Yes, I saw your notes, but the impression I got during this effort is that package-based/non-docker implementations change too much between versions, so anything written based on Ubuntu 16.04 or earlier just didn't feel worth spending significant time on... that impression came from the "this is new to version 18.04" warnings in the Ubuntu 18.04 walkthrough ( https://docs.google.com/document/d/1xIcSsoNFp2nHi7r4eQys00s9a0k2sHhu1V5Plant...). See my comment below for more.
Nonetheless, I'm going to crawl through your email and config files and see if I find anything to suggest where I've been going wrong, so thanks a ton for that.
@JonathanM
My attempt at doing a DigitalOcean package/non-docker based implementation was frustrating.
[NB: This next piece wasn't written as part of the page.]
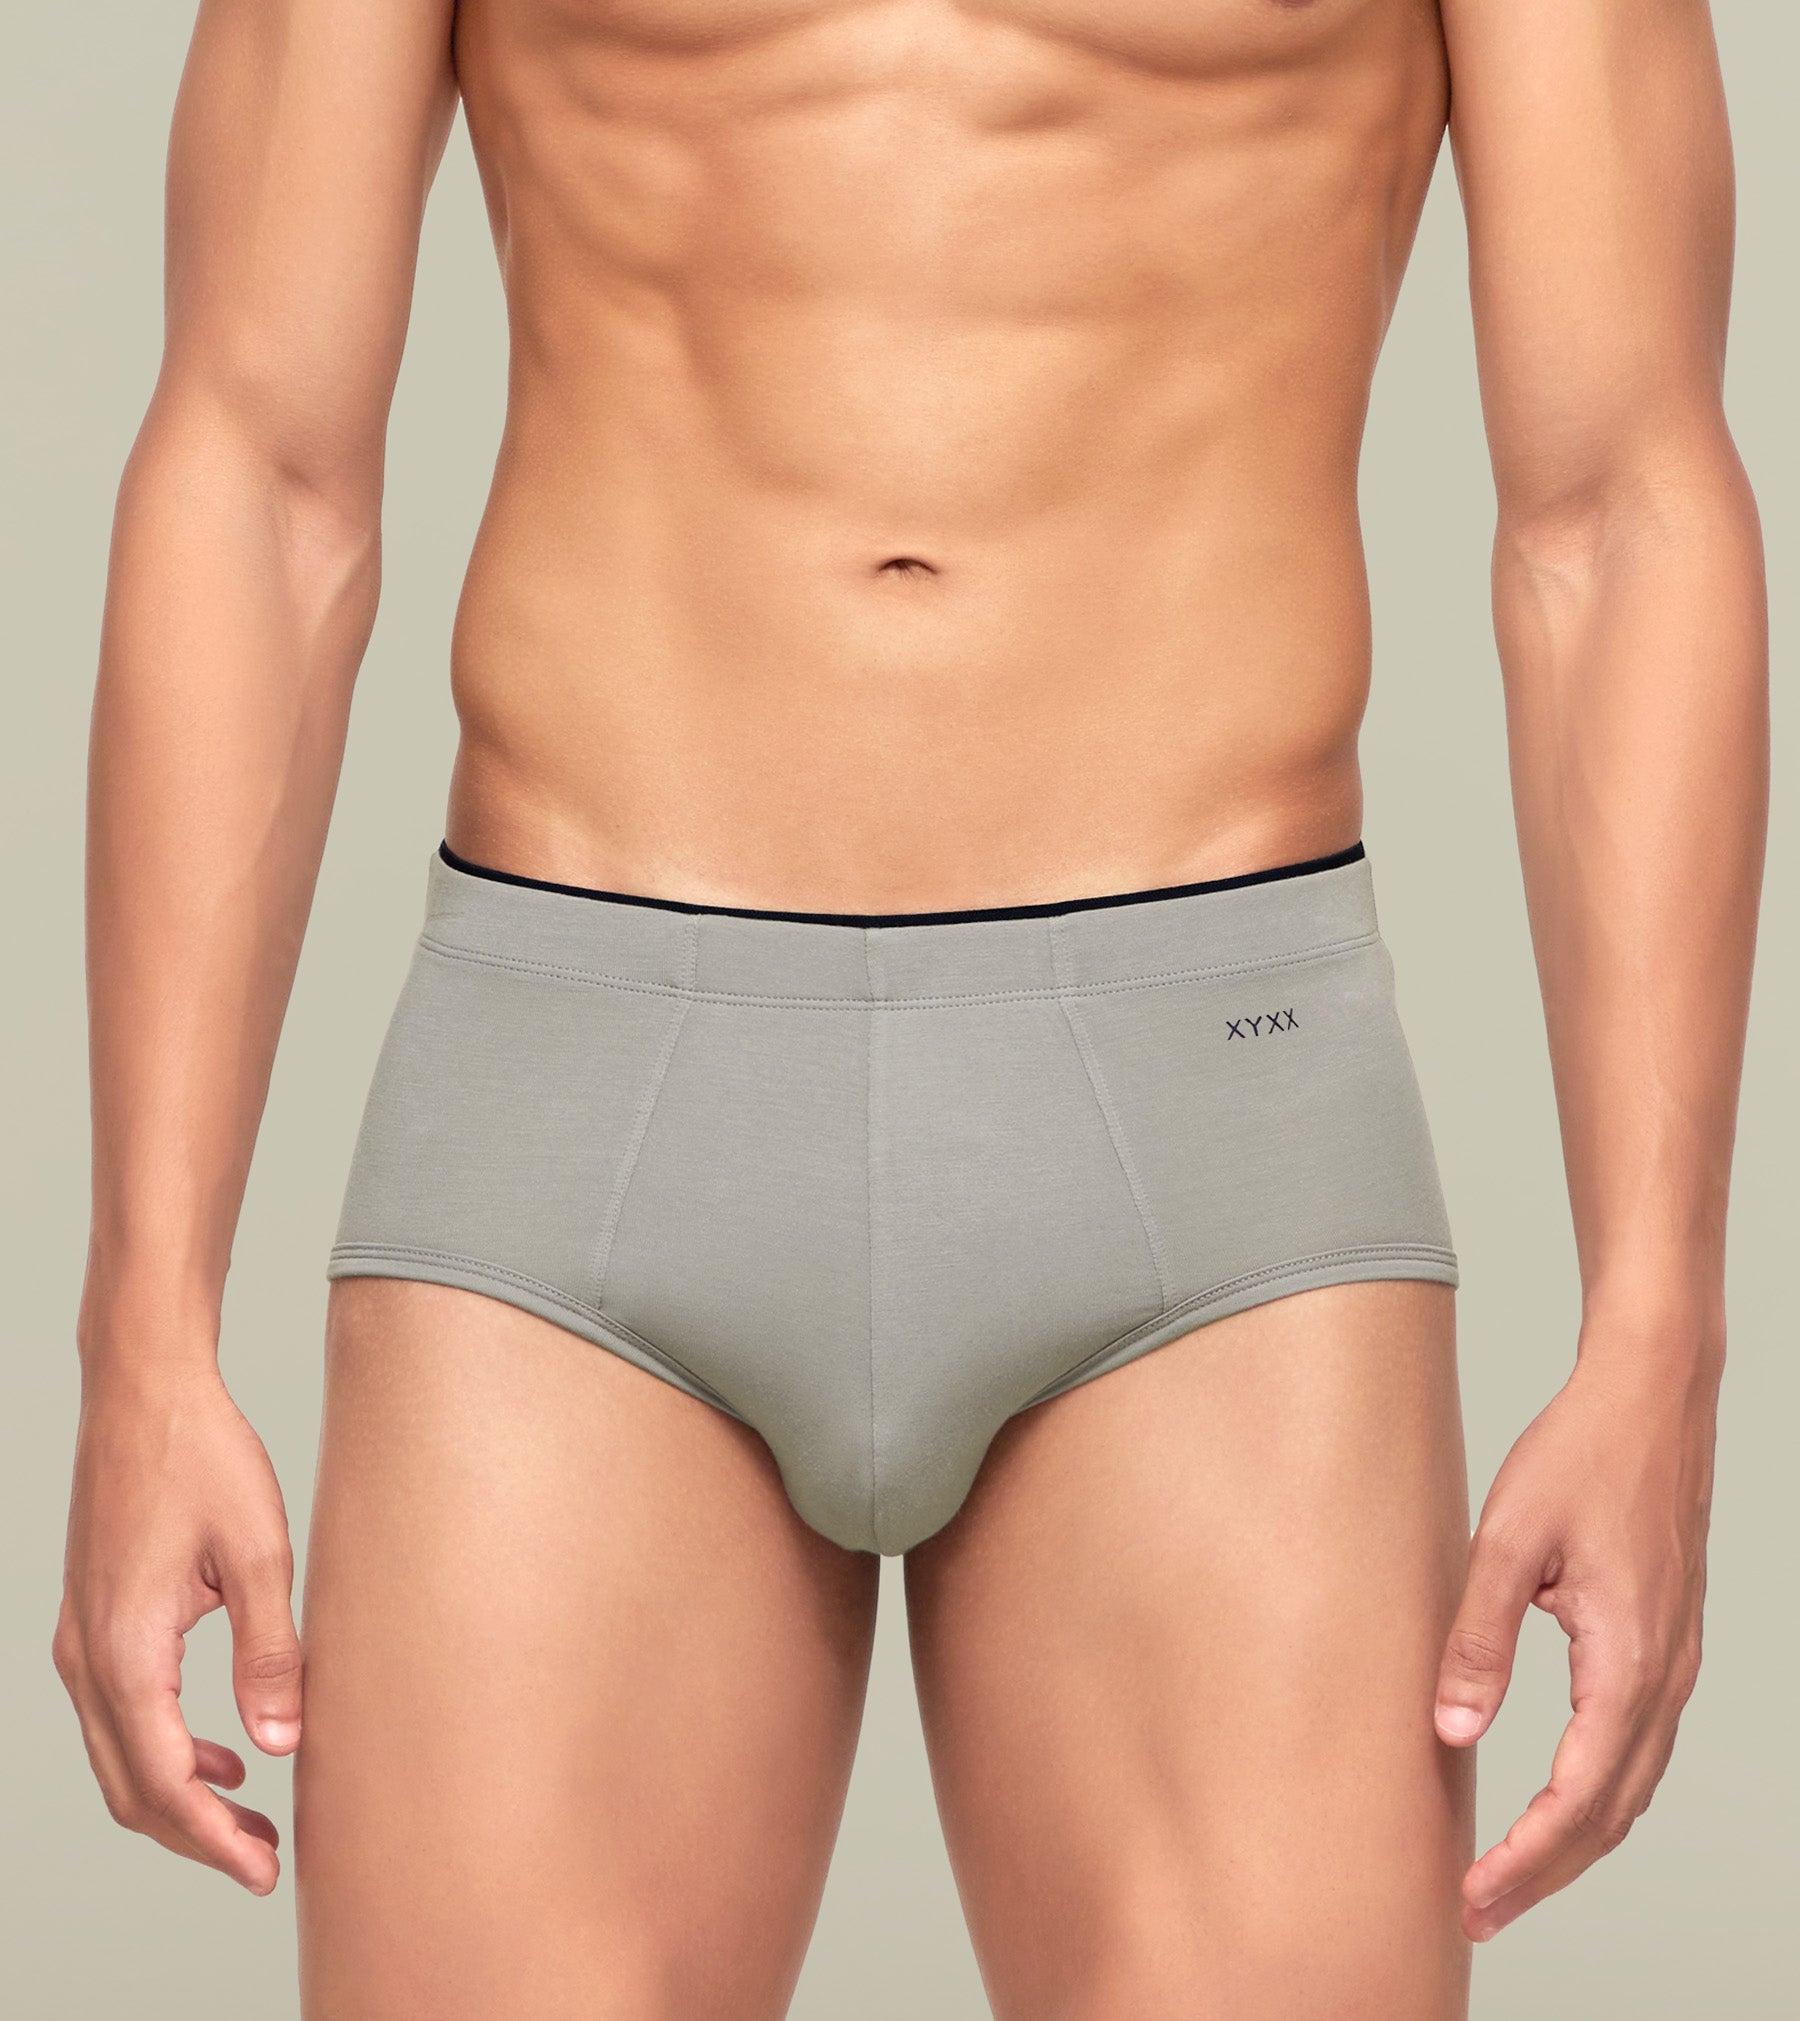 XYXX Uno Medley TENCEL Modal Trunk Premium Underwear For Men at Rs

I found a really detailed walkthrough ( https://docs.google.com/document/d/1xIcSsoNFp2nHi7r4eQys00s9a0k2sHhu1V5Plant...), and after the usual hyperkitty authorization problem solving, it got me to a point where everything looked perfect, based on a glance at the web interface. However, a bizarre collection of errors showed up during QA testing, such as the following:
- Gravatars showing broken links about half of the time
- Emails from non-admin subscribers almost always not getting processed and resulting in "connection dropped" errors in the SMTP log
- Very random orange-banner errors (e.g. I think one was vaguely something like "[[(*)]] failed")
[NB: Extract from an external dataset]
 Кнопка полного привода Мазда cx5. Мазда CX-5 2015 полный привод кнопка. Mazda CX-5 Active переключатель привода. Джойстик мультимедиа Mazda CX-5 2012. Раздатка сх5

- Most confusingly... the "Last post made at" metric would always show 'none', no matter how many posts were made to the test list.
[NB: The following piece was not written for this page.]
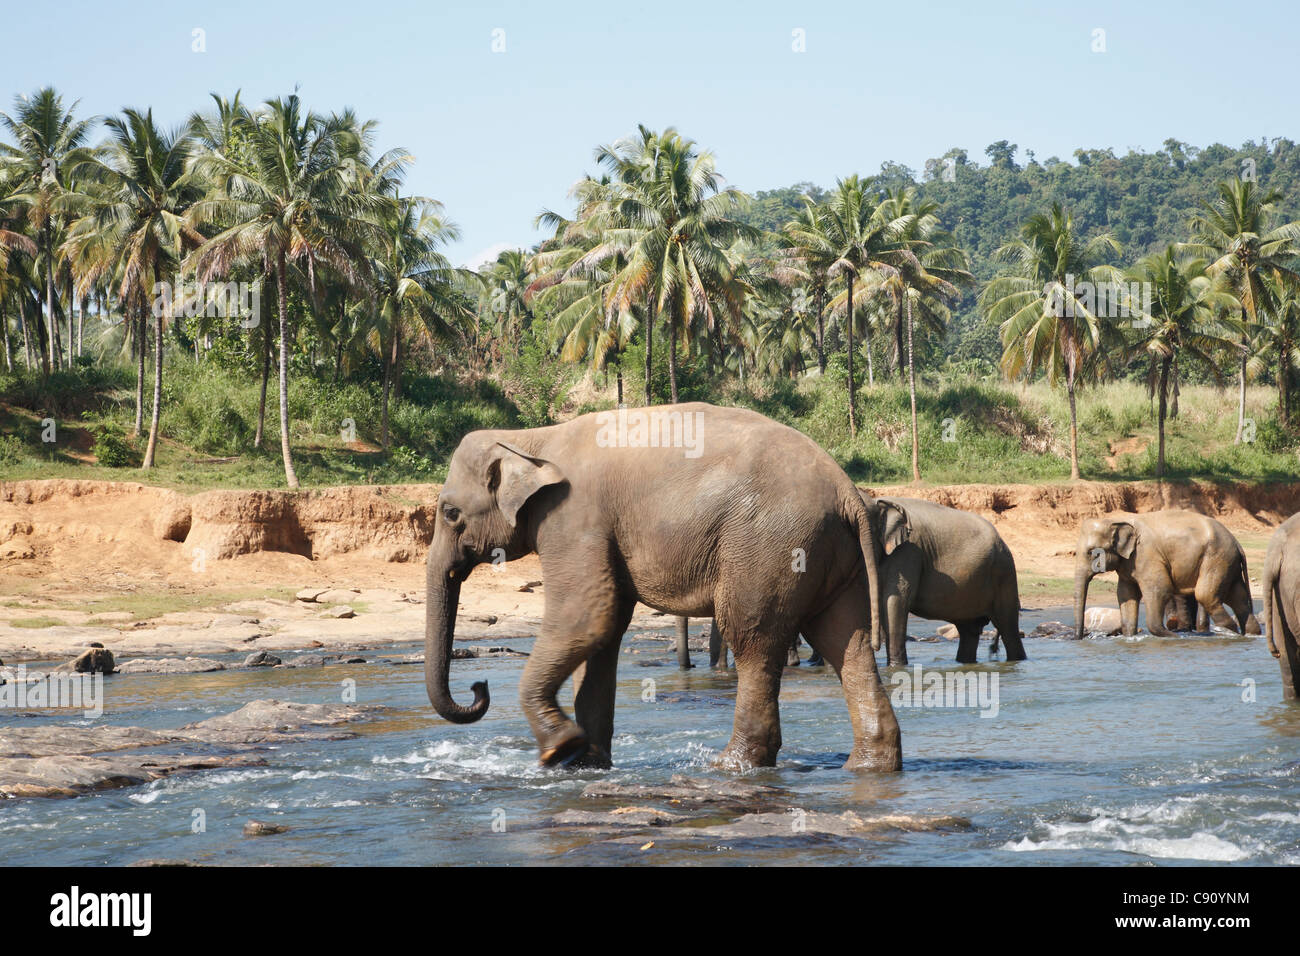 Sri Lanka is home to the worldâ€™s largest herd of captive elephants at the Pinnawala Elephant Orphanage. Here elephants that Stock Photo

As I attempted to debug, I saw some connectivity issues in the logs (500/bad gateway errors, IIRC). I wanted to rule out an SSL-negotiation issue, partly because I've very recently had problems installing other complex software where some Ubuntu packages have apparently changed default package behaviours to insist on SSL, which forced those developers to redo installation scripts that hadn't been touched in a while. Because only 'default' behaviours were changed, I would expect that this wouldn't show up in installations that are upgraded from previous versions. So I turned off the cert-based forcing of SSL for all HTTP traffic and, sure enough, started getting errors about "incorrect SSL version" occurring during SSL handshaking attempts. That's when I threw up my hands and decided to make docker work.
@MatthewA
Thanks for the inspiration to keep at this. I spent quite a few post-NYE hours trying to make the cleanest possible docker-based mailman3 installation on AWS, which I'll outline below. It ended up failing, so I might next try Linode. As you mention, I know the docker containers should be platform independent, I'm just worried about the fact that docker just starts grabbing private IP addresses and using email in ways that require support from the underlying platforms (e.g. AWS's Simple Email Service and VPCs/IP address allocation).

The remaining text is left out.